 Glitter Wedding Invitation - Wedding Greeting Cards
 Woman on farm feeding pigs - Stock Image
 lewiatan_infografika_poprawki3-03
---
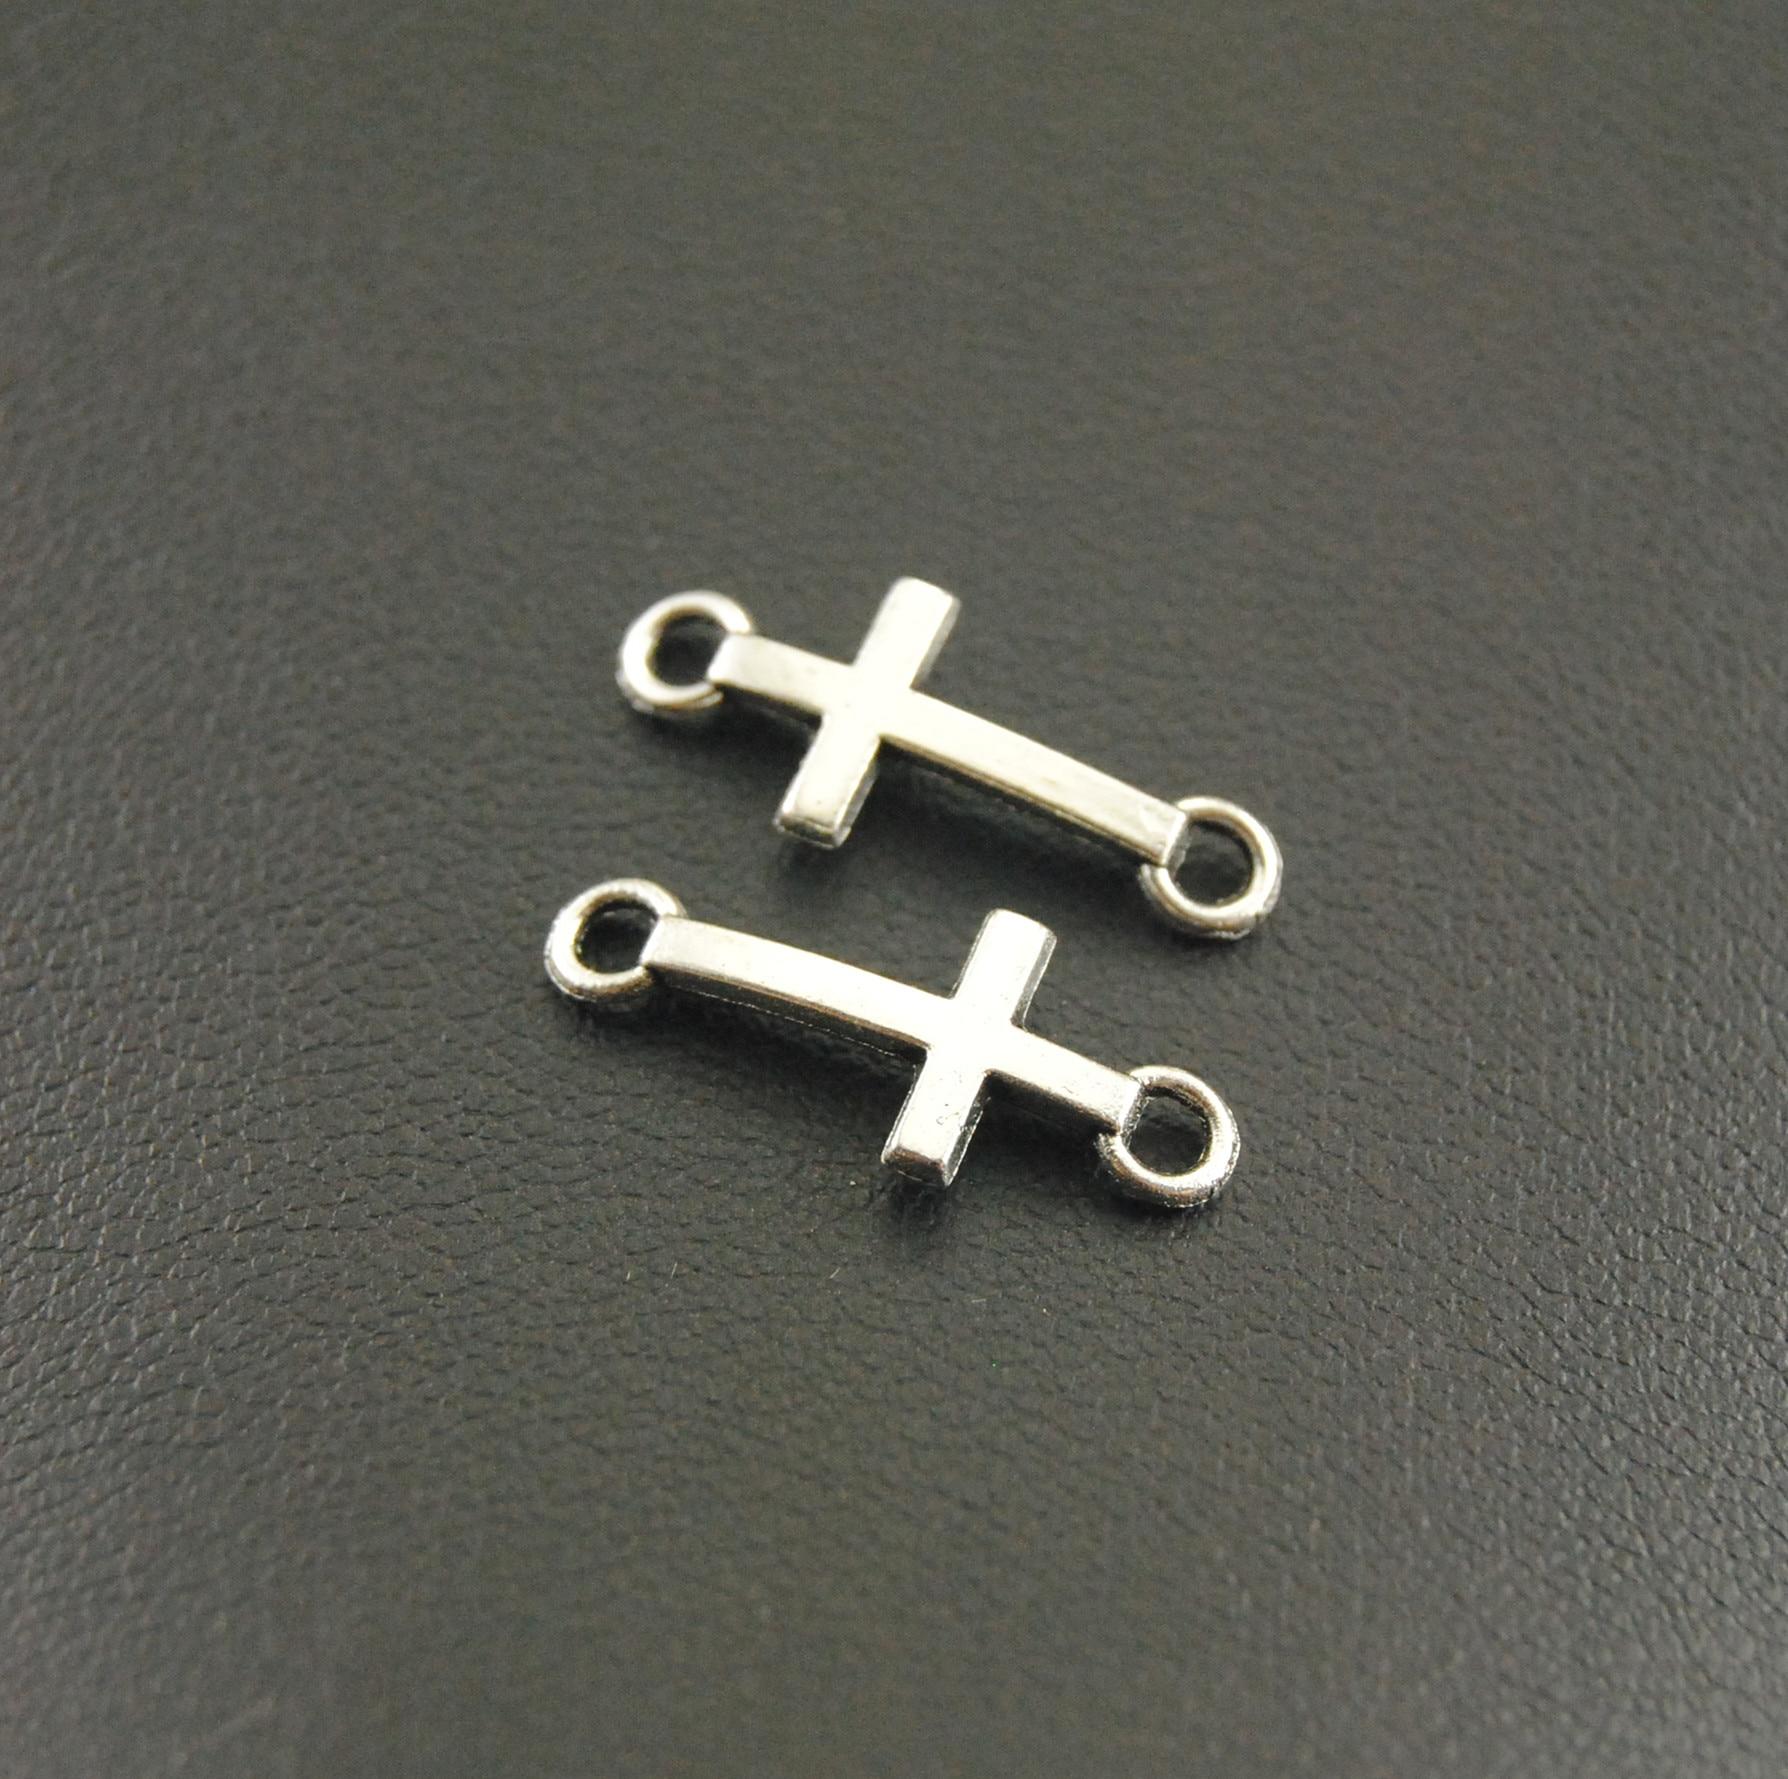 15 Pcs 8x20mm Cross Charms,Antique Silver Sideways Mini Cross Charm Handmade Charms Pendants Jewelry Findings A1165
...
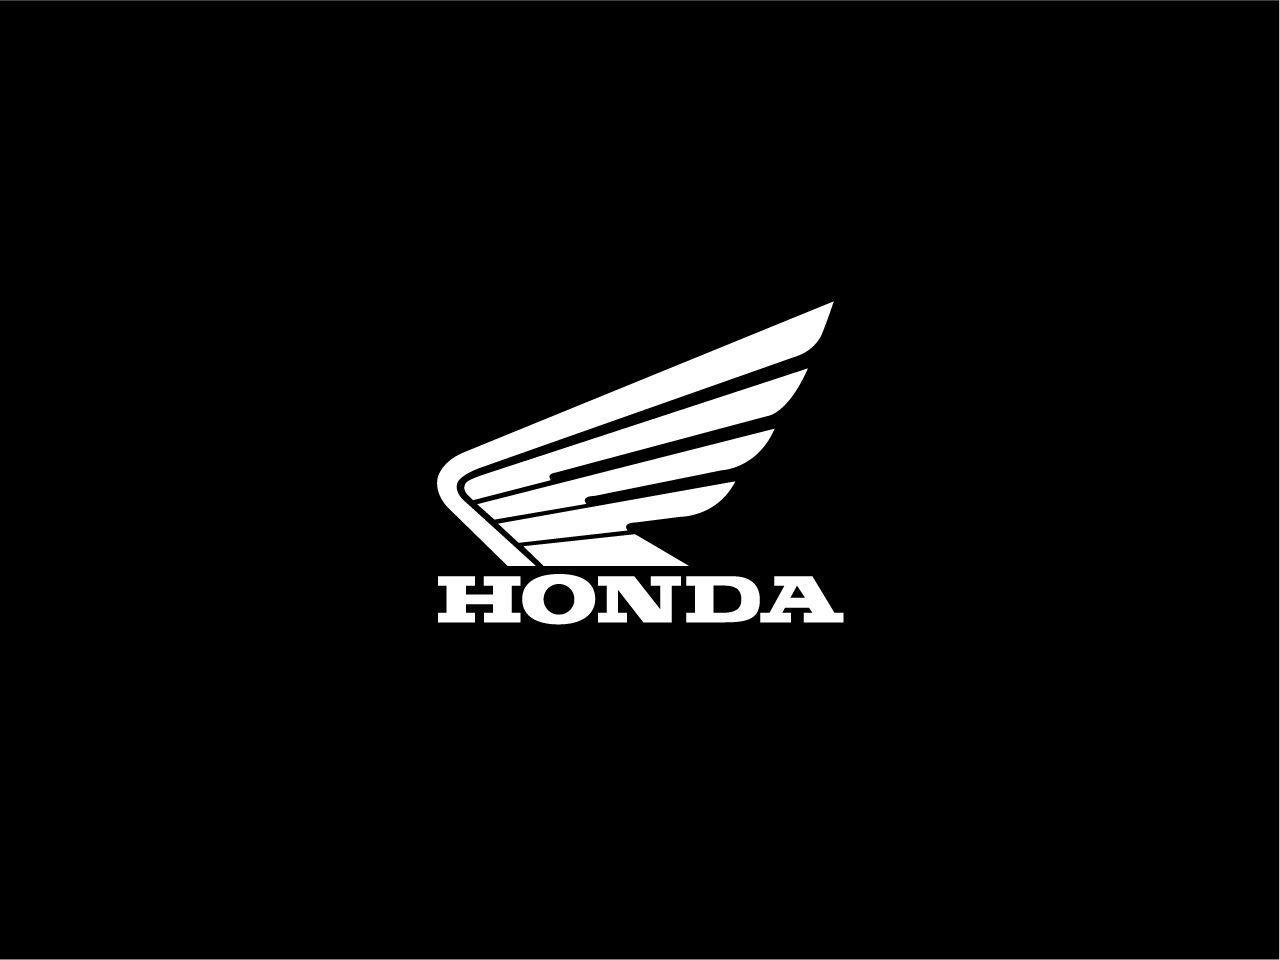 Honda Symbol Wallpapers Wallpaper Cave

| Work to be completed |
Would you retype the lines above from the one with "Glitter Wedding Invitation" down to the one with "lewiatan_infografika_poprawki3-03", word for word, both ends included and no other lines?

| Written solution |
 Glitter Wedding Invitation - Wedding Greeting Cards
 Woman on farm feeding pigs - Stock Image
 lewiatan_infografika_poprawki3-03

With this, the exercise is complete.